Australian cricket is once again on its knees against India after the most tantalising fifth-day action at the Gabba.

Rishabh Pant and Cheteshwar Pujara held the innings together with a strong middle-order partnership.

Australia was poised to take advantage of the conditions ahead of this series. The lack of pitch deterioration this series was something that caught fans of both sides scratching their heads.

Both the Gabba and SCG pitches didn’t produce any significant fifth-day cracks and turns for the spinner. Foot marks have been the only source of disturbance or markings on the pitch.

Nathan Lyon was poised to be the hero on Day 5 in Sydney but failed to make an impact and didn’t get much help from the wicket.

Australia's Nathan Lyon (R) celebrates his wicket of India's batsman Shubman Gill

(Photo by PATRICK HAMILTON/AFP via Getty Images)

A carbon copy was set up for him on a Gabba wicket that had faced the harshest of conditions from torrential rain to severe heat.

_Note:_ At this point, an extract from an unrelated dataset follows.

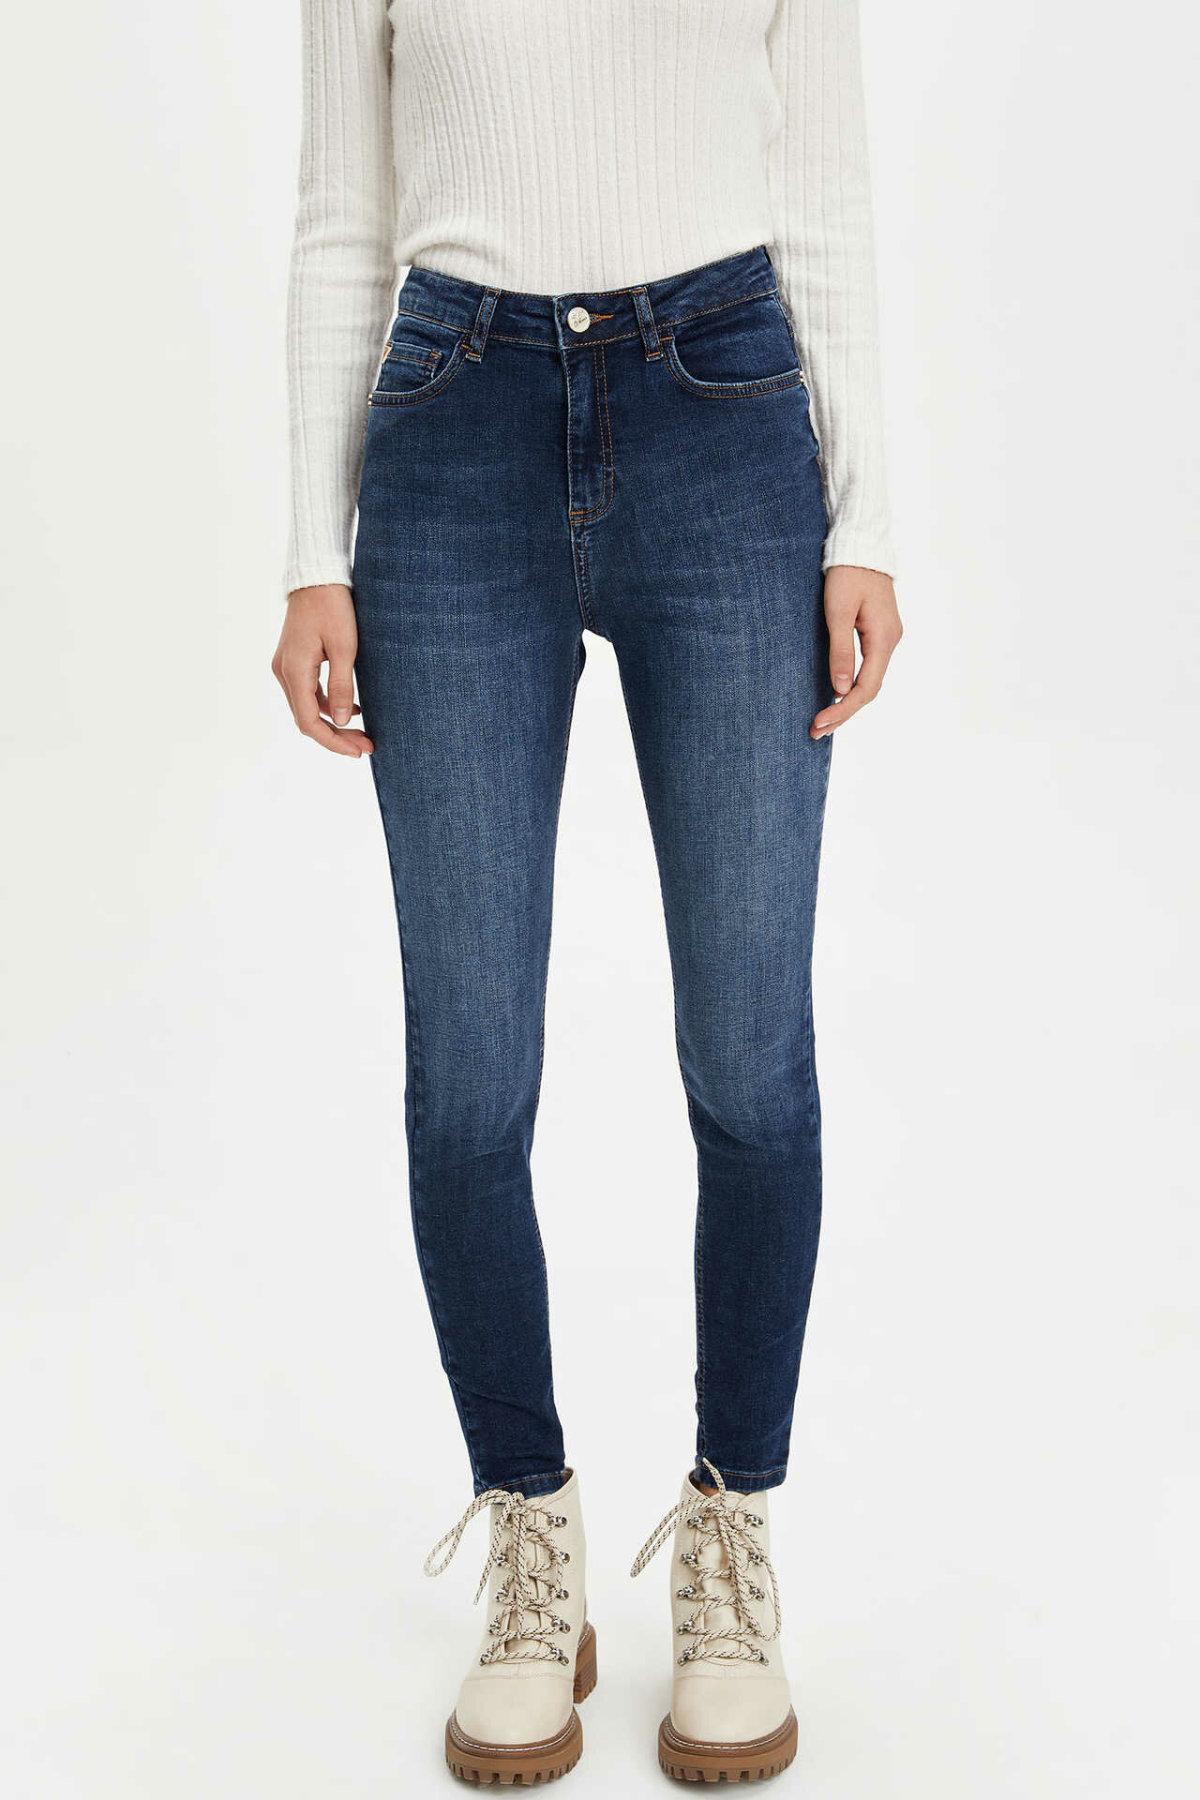 DeFacto Woman Autumn Washed Skinny Denim Jeans Women Casual Fit Slim Denim Pants Female Blue Denim Trousers-L7112AZ19AU

That set up the game for Nathan Lyon to be the deciding factor to steer Australia’s faith.

The pitches at the Gabba and the SCG were your standard wicket blocks opposed to the new norm of a drop pitch.

The new pitches are built to last in Australia to accommodate the rigorous schedule of Big Bash and Sheffield Shield with quick turnarounds and an added pressure to keep the wickets looking immaculate.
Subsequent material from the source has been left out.